Улучив момент, когда Ксюша оказалась за прилавком, он подошел, заказал не важно что, пусть будет «Пина колада», и осмелился спросить, лишь бы спросить:

– А ведь ты не местная?

– Нет, – и она опустила миндалевидные глаза с длинными ресницами.

Размякший Саморядов понял, что сморозил глупость и к тому же пропал. Он мысленно обложил себя.

– Ксени чужеземная – эпитет Афродиты, – сказал Саморядов.

– Буду знать, – она принужденно улыбнулась.

4—2

В начале февраля Ксюше Чиковани исполнилось двадцать три. Из них три года забрал у нее «Бардак»… Как же она дошла до жизни такой? А вот как…
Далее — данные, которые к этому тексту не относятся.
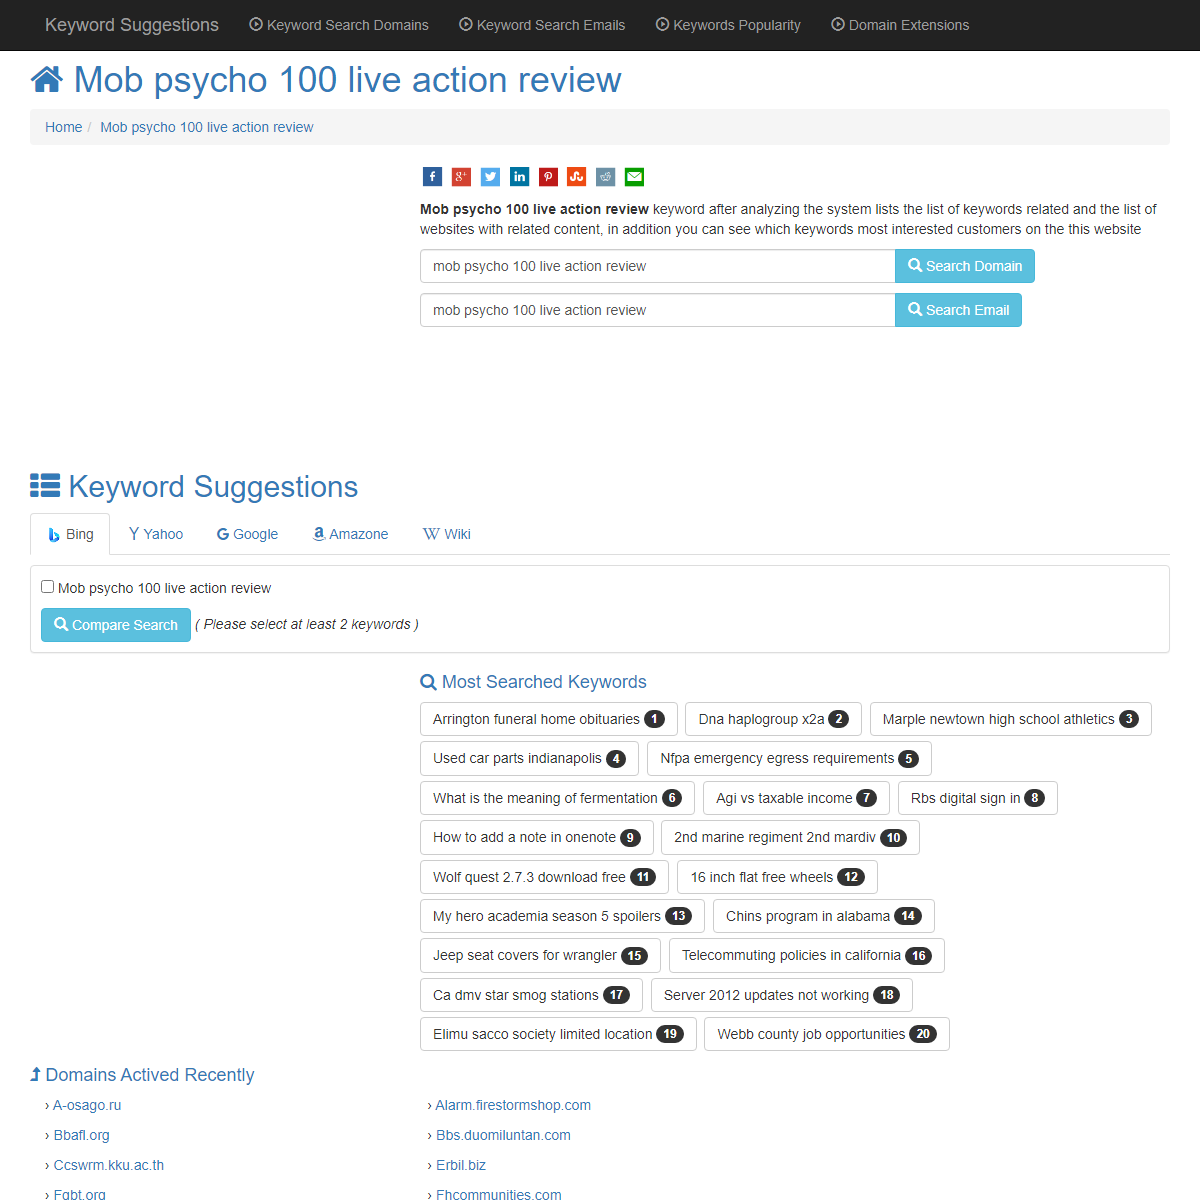 A complete backup of https://www.keyword-suggest-tool.com/search/mob+psycho+100+live+action+review/

Четыре года тому назад Баграт Чиковани вместе со своей семьей перебрался из Абхазии в Огнереченск. Днем Ксюшин отец шуровал на зеленом рынке, а ночью рисовал картины в духе Пиросмани и Матисса. Баграт и раньше баловался живописью. Но, окопавшись в этом унылом лимбанутом городе, на Баграта Чиковани что-то нашло. Он весь ушел в холсты и краски. Его тяга к творчеству стала смахивать на одержимость. Ксюшина мать, женщина простая, недалекая и практичная, не понимала мужа. Ахра опасалась, что он свихнулся окончательно и бесповоротно. Она горестно качала головой и вздыхала.

На зеленом рынке отец был на подхвате у оборотистого земляка. Зеленщика звали Блабба. Зеленщик одолжил Баграту Чиковани крупную сумму и тот не смог вовремя расплатиться. Блабба великодушно простил долг и предложил Чиковани взаимовыгодную сделку. Блабба наобещал золотые горы и, заручившись поддержкой Баграта, посватался к его дочери.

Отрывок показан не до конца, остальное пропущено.